Uppity meeting member #2: 'Some' hiking? You know this is a level 4 hike, don't you?
RBR: I am aware.
SkB (new code for Skinny bitch, it takes some of the sting out of it): Umm, RBR is a runner. She runs marathons and runs trails ALL the time. She will be fine. Back off.
side note: she is a bit protective and quite adorable. See why I love her?
Uppity meeting member #3: Whoa, maybe I won't have to wait too long by myself at the top. *Mr Ed horse laugh*
RBR thinks: Nope, not today asshole.
And with that it was on. Never mind I essentially took 7 months off, gained 20 fucking pounds, and just started to train again, these sons of bitches were not beating me to the top.
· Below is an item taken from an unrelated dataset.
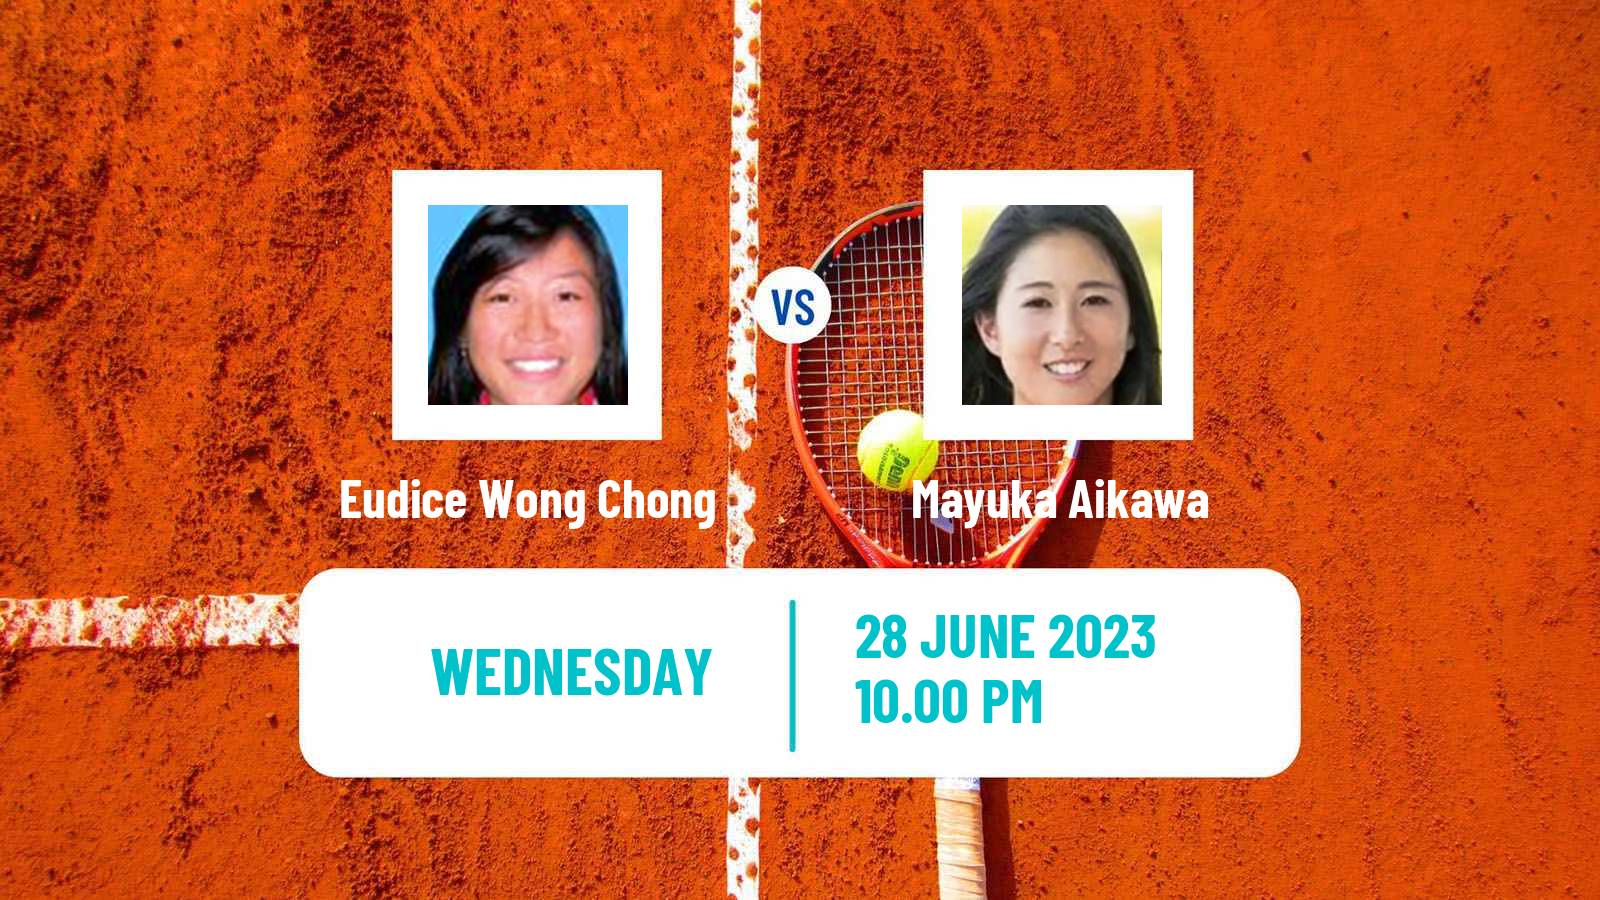 Tennis ITF W25 Hong Kong Women Eudice Wong Chong - Mayuka Aikawa

Nor did they beat us back, since we ran the whole 4.5 miles back down the trail. SkB may not be speaking to me today, (she was wearing hiking boots, and canvas pants, but is just as stubborn as me and was not going to let my 40 year old ass run back while her 26 year old ass hiked).
But wait! The idiocy gets better.
After I got back from the hike, I immediately went for a ride with LA Run buddy where we averaged 15 mph for 15 miles (for the record, we usually average 13-14 mph on the bike trail dodging baby joggers and geese, but today we were hungry and crabby and wanted to be done)
Oh no, we ain't done yet. When I do 'stupid,' I DO IT UP!
So then today, LA Run buddy and get up and run 10 miles at Baylands. I am hobbling around like I ran a goddamn marathon. Everything fucking hurts.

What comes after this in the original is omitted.